Oil shale development was the 800-pound camel in the room last week during a meeting in Crested Butte of the Interbasin Compact Committee, according to the Pueblo Chieftain.
The IBCC and nine river-basin roundtables were set up by the Colorado Legislature in 2005 to try to bring together all the various water users and stakeholders on both Colorado’s Front Range and Western Slope to reach consensus on some long-range trans-basin water projects.
But the projected doubling of the state’s population to 10 million people by 2050, most of whom would live on the relatively parched Front Range, means there’s growing pressure to divert the more bountiful water supplies of the Western Slope mountains to suburban lawns in Aurora, Colorado Springs, Fort Collins, Pueblo and Denver.

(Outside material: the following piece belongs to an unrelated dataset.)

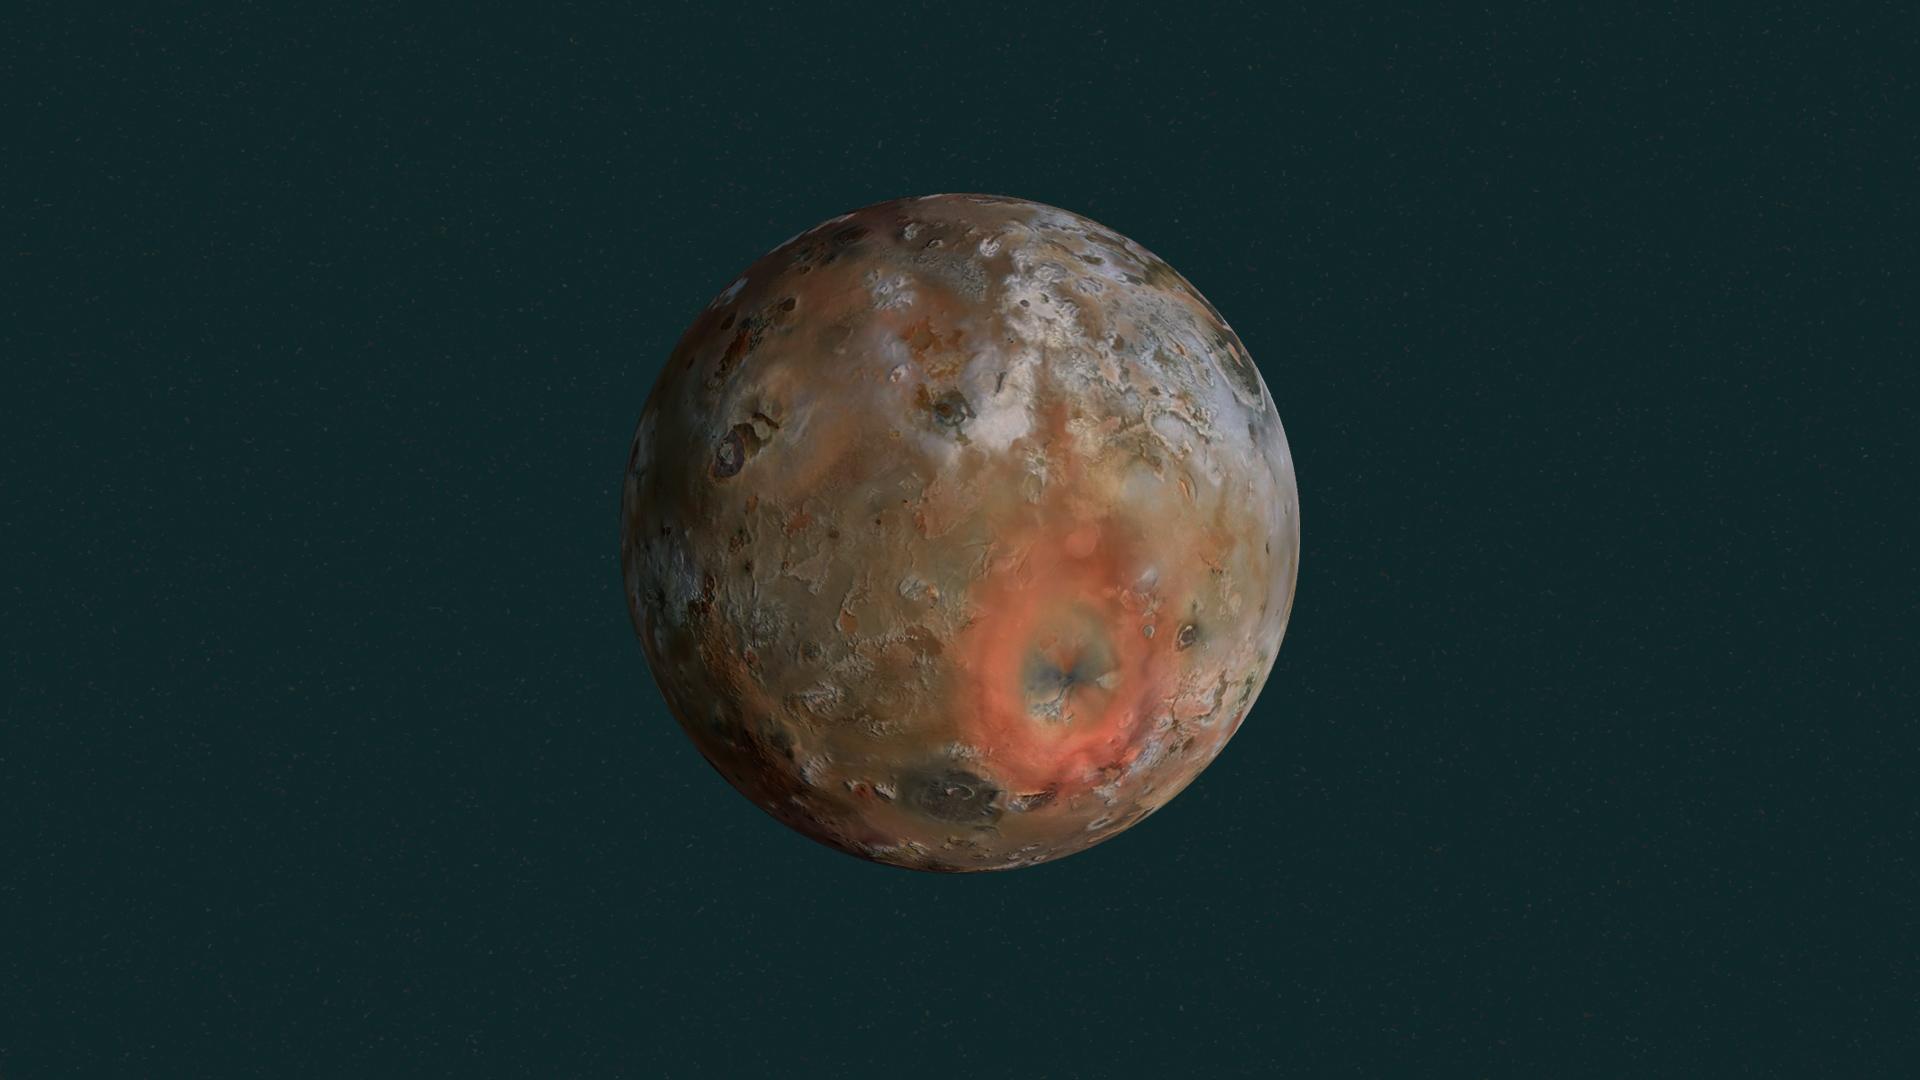 Solar System Exploration: NASA Science

The Chieftain quoted Western Slope ranchers worried about their way of life drying up in the face of unrelenting growth on the Front Range, and questioning why agriculture is always the presumed sacrificial lamb. Throw into that mix Western Slope energy development — especially the specter of oil shale development — and it’s little wonder the IBCC has been able to accomplish very little but talk over the last four years.
This from today’s Chieftain article: “The Western Slope has revived the specter of oil shale, which could drink up the remaining allocation of water to Colorado under the 1922 Colorado River Compact. Many are skeptical because the energy and water costs of producing oil shale are so high, no matter what price is set by the world market.”
In fact, even industry officials acknowledge oil shale production consumes as much as three barrels of water for every barrel of oil. Some forms of production take up to five barrels of water for every barrel of oil. Even with those daunting numbers in mind, oil companies for decades have been buying up Western Slope water rights and continue to do so to this day despite the commercially unproven nature of the oil shale industry.
The Chieftain story paints this grim picture of Colorado’s water future as detailed during last week’s IBCC meeting:
“The state has between 445,000 and 1.438 million acre-feet of water to develop from the Colorado River basin under the Colorado River Compact, although prolonged drought or climate change could affect the amount.
”Right now, the state uses 1.2 million acre-feet for treated water supplies, and will need at least 2 million acre-feet by 2050. Only about one-third of the new supply will be developed under identified projects such as Colorado Springs Southern Delivery System, the Arkansas Valley Conduit, the Northern Integrated Supply Project, Aurora’s Prairie Waters or the Windy Gap water supply firming project. Oil shale development could require as much as 500,000 acre-feet of water, if it ever happens.
“We need to recognize that decisions made on oil shale are made on the international oil market, and not water availability,” said Chips Barry, manager of Denver Water. “In order to do a risk analysis, you need to put a number in and express that you have no faith whatsoever in that number.”
The Western Slope interests counter that energy development is a real factor, not an intangible variable.
“Energy is actively seeking new water rights and buying existing water rights,” said Dan Birch, deputy general manager of the Colorado Water Conservation District.”
The issue has become so politically charged that it blew up on Gov. Bill Ritter last week during testimony on Colorado’s New Energy Economy on Capitol Hill. U.S. Sen. James Inhofe, an Oklahoma Republican, questioned why Ritter wasn’t back home developing the state’s massive oil shale reserves. Ritter later fired back that the industry first needs to prove it can coexist with other water users in the state.